Ten stan rzeczy wynika po części z faktu, że telewizja 3D - czy też autostereoskopowa - wymaga wbudowanych kamer zdolnych do ciągłego śledzenia obydwu źrenic, aby ustalać dokładne położenie oka widza. Co więcej jedno i drugie oko musi widzieć odrębny obraz, aby uzyskać efekt 3D bez okularów.
Taka technologia jest nie tylko kosztowna, ale także daleka od doskonałości. Jeżeli użytkownik poruszy się zbyt szybko lub zmieni pozycję oglądania, obraz stanie się zniekształcony lub niestabilny. Użytkownicy muszą zatem pozostawać w optymalnej odległości, aby nie utracić głębi czy rozdzielczości obrazu.
Naukowcy z Instytutu Fraunhofera w Niemczech postanowili uporać się z tą oczywistą słabością technologiczną, opracowując nową technikę przetwarzania obrazu, która umożliwi użytkownikom cieszenie się jakością pełnego 3D z różnych odległości. Odkryli, że chociaż oprogramowanie nie jest w stanie całkowicie wyeliminować zniekształcenia obrazu, może je jednak zmienić w taki sposób, aby widz zawsze widział czysty obraz 3D.

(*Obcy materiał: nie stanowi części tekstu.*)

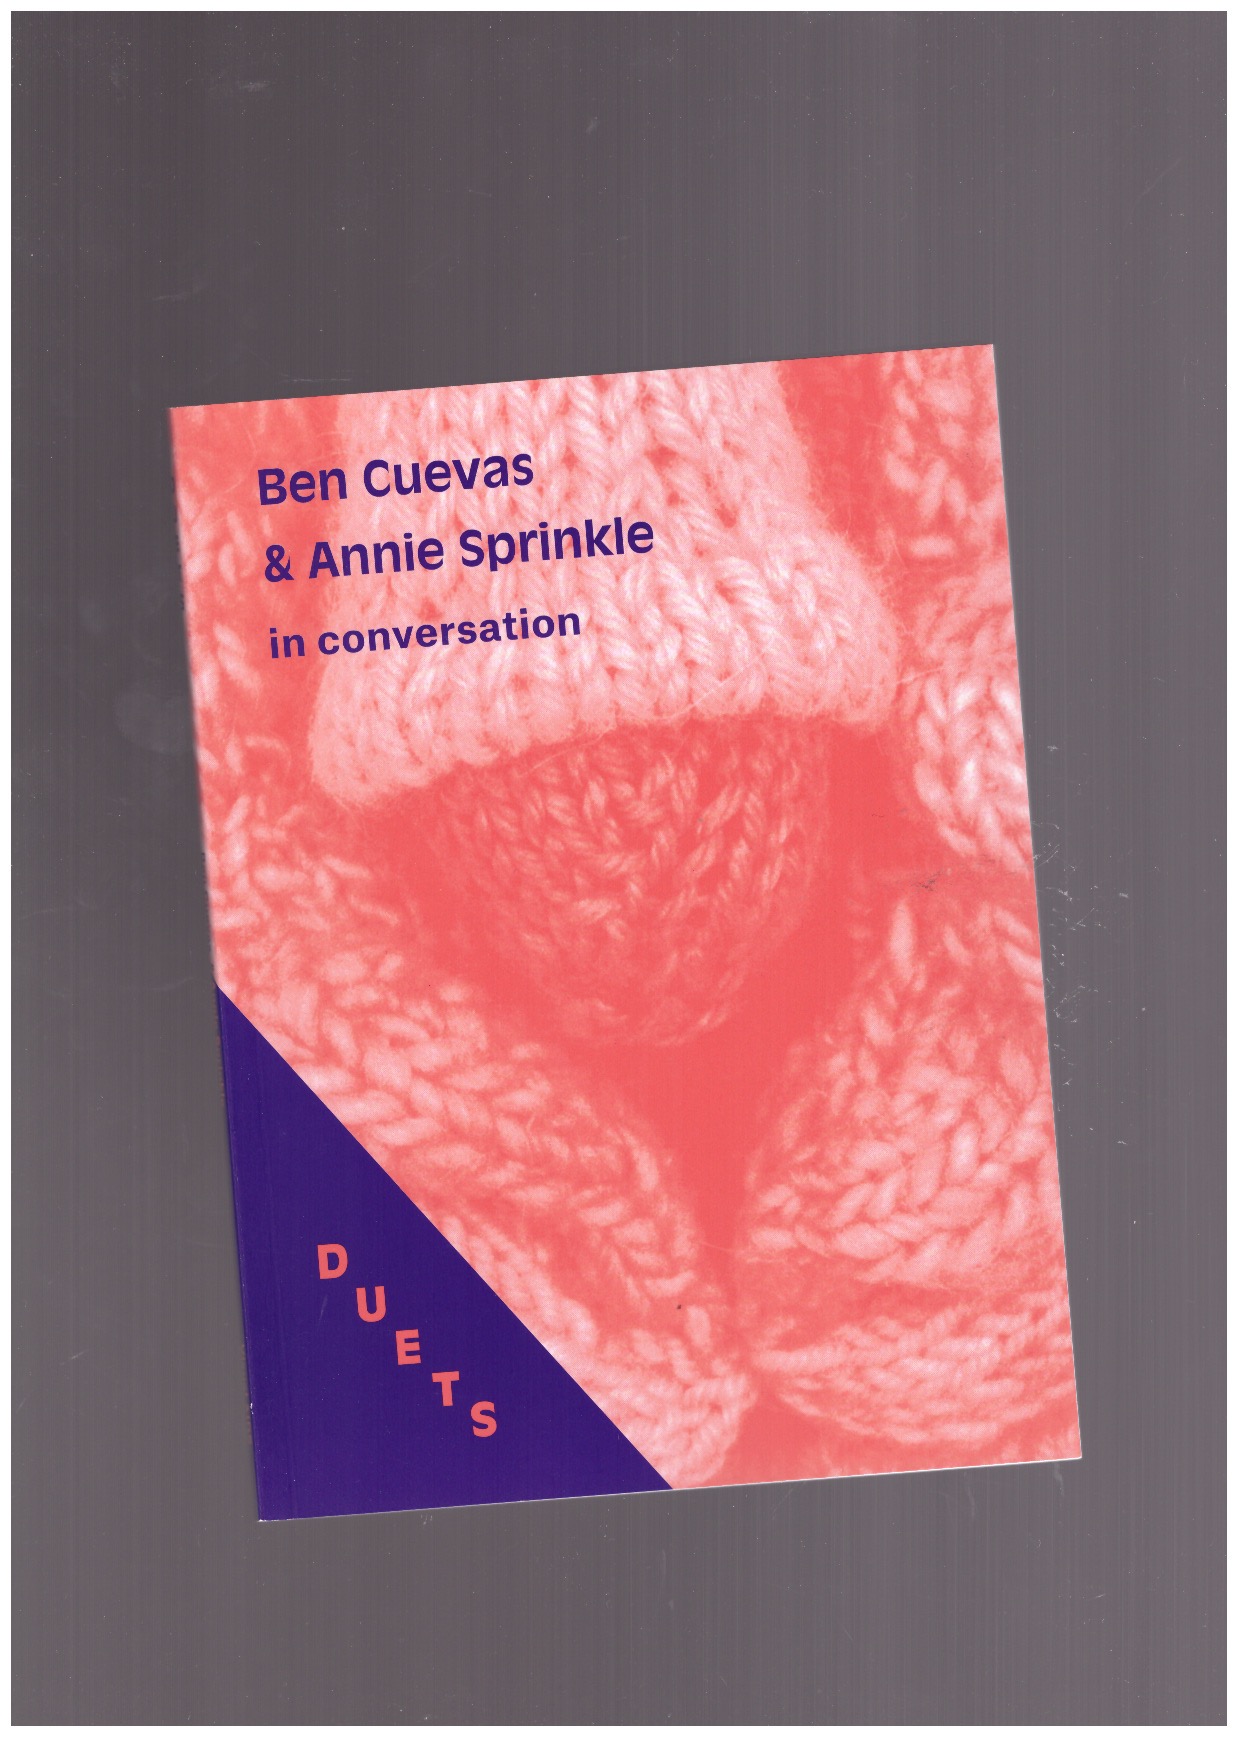 CUEVAS, Ben; SPRINKLE, Annie - Duets: Ben Cuevas & Annie Sprinkle in conversation

Oprogramowanie przelicza wyświetlanie poszczególnych subpikseli za pomocą algorytmu matematycznego po każdej zmianie pozycji przez widza. Dzięki temu obrazy są tworzone w odpowiedniej odległości od widza. Użytkownicy mogą poruszać się nie tylko do przodu i do tyłu, ale również na boki bez zniekształcania obrazu.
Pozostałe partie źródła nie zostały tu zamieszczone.